Financial Strategies: Are You Budgeting for Replacement Capex?
Businesses today rely on all different kinds of equipment to keep operations running smoothly and meet customer expectations for on-time delivery of products and services.
This is true for not only equipment-intensive businesses like manufacturers, distributors and construction firms but also some service businesses that require the latest new computers and software to meet client demands.
One of the biggest mistakes these businesses sometimes make is failing to plan ahead for replacement of such equipment. Neglecting to budget for replacement capital expenditures, or capex, can result in serious financial strains when the time eventually comes to upgrade critical business equipment.
Pay Now … or Later
Budgeting for replacement capex is kind of like the old commercial for Fram oil filters in which the auto mechanic says, “You can pay me now … or pay me later.”
The question isn’t whether or not equipment is eventually going to wear out or become obsolete and need replacing. It will. The question is how are you going to pay for new equipment when the time comes?
If you don’t plan ahead and budget for replacement capex and you don’t have enough liquid funds to pay for new equipment when the time comes, you must lease or finance the equipment. You will determine the amount of free cash flow after servicing existing debt to see how much financing you may qualify for.
And remember: You may or may not qualify for the financing needed to replace or upgrade all the equipment that needs it.
It’s important to note that leasing or financing equipment isn’t necessarily a bad thing —in some instances, it’s preferable to paying cash. But failing to plan ahead and budget for replacement capex severely limits your options when it comes to acquiring new equipment in the future.
Build a Reserve Fund
One strategy is to build a reserve or sinking fund for replacement capex. This fund should be equal to your annual depreciation expense, at a minimum. Here’s an example of how this might work for a construction company with a fleet of 10 cement mixing trucks:
The owner of the business plans on replacing two trucks every year at a cost of $150,000 per truck, or $300,000 total. To ensure that there is sufficient cash on hand to buy the trucks a year from now, the business would need to set aside $25,000 per month in reserve for the next 12 months.
If the business continues to save this every month in a sinking fund, it will be able to replace its two oldest trucks every year debt-free. As a result, no truck in its fleet will ever be more than five years old. This will help the business save money on repair and maintenance costs while minimizing downtime and keeping its fleet up to date from a technology perspective.

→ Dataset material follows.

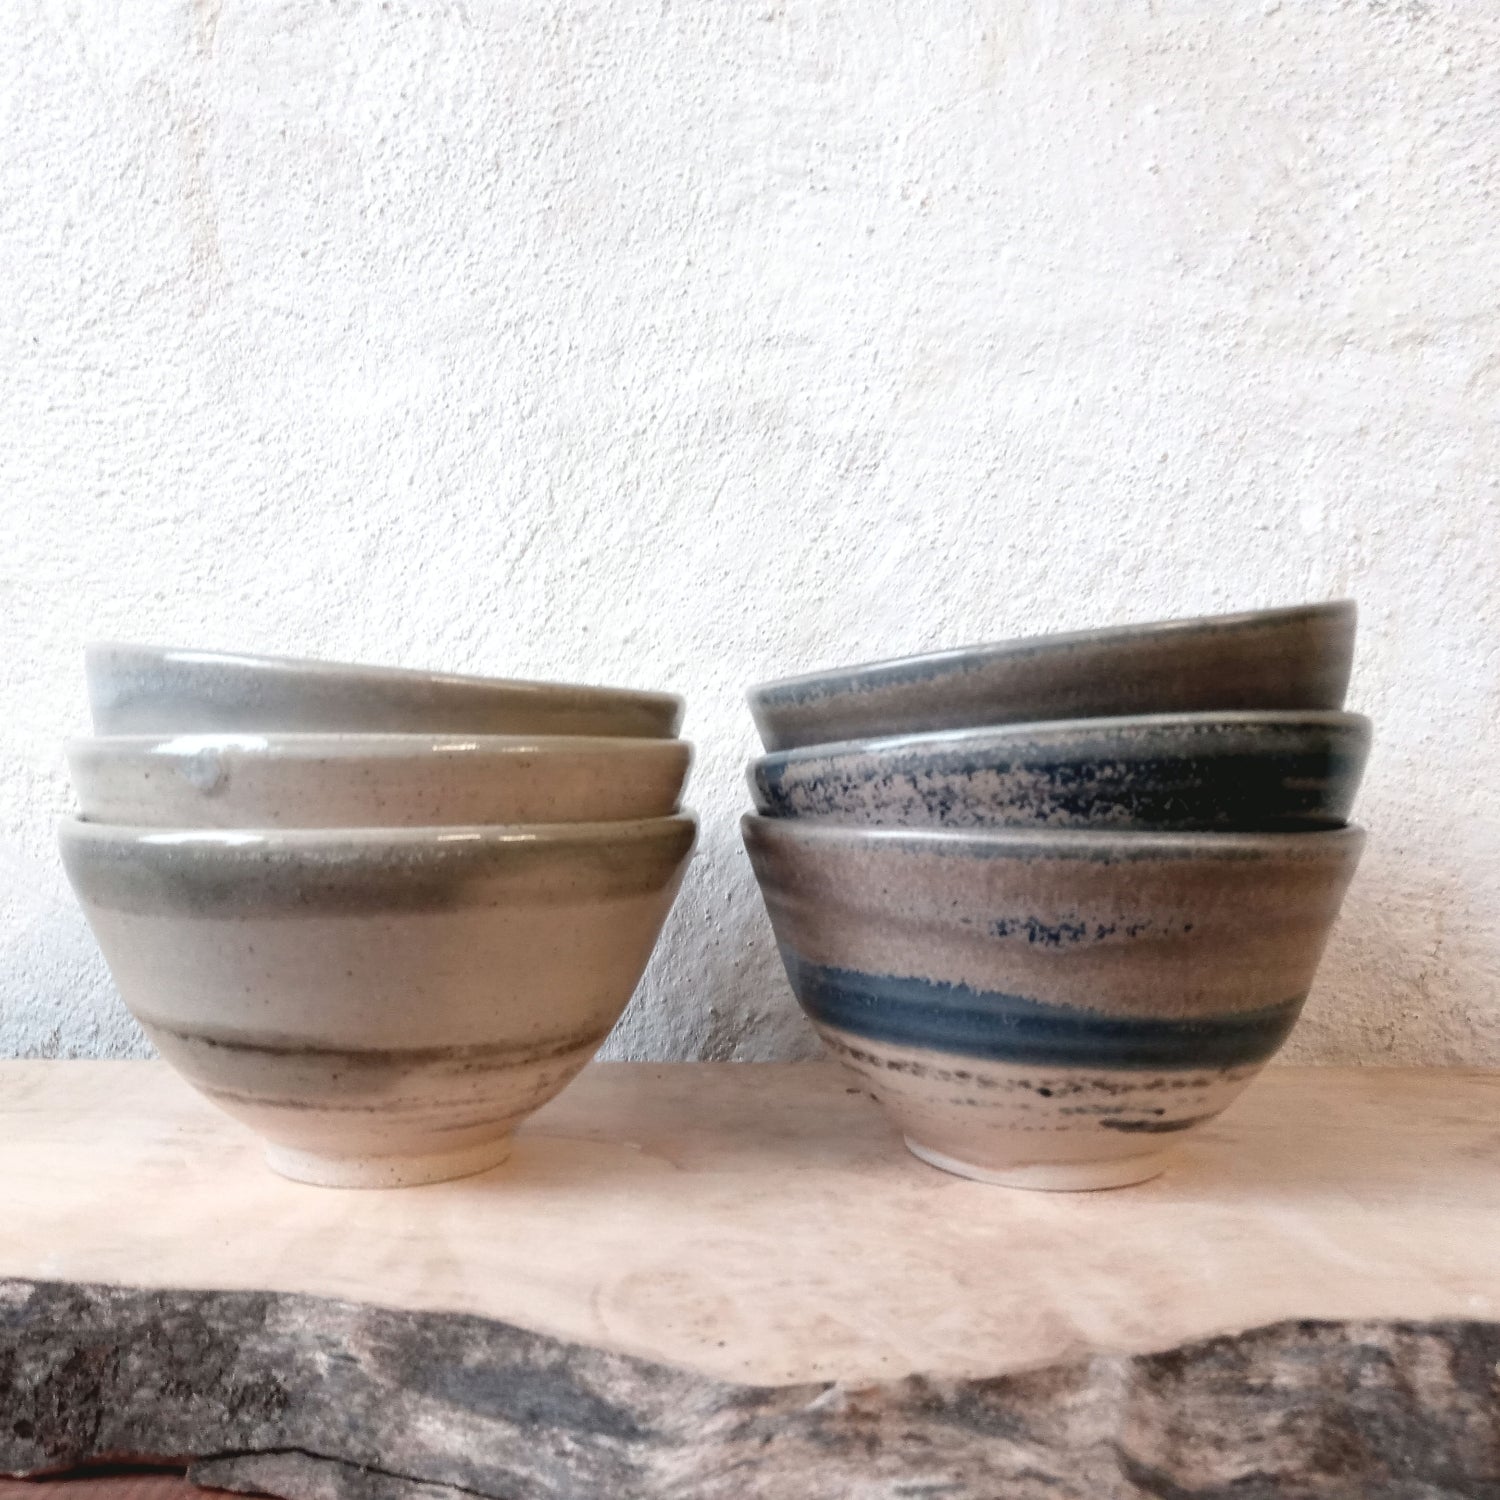 Small bowls - Made Scotland

This strategy will give the business a tremendous amount of financial flexibility when it comes time to replace aging and obsolete trucks. For example, it can buy the trucks outright in cash or use the reserve funds to put a substantial down payment on the trucks and finance the remainder. This would help ease demands on monthly working capital and improve cash flow.
A Critical Exercise
Capex budgeting is a critical exercise for any company that uses equipment in the normal course of business. If you haven’t budgeted for replacement capex in the past, resolve to do so starting now.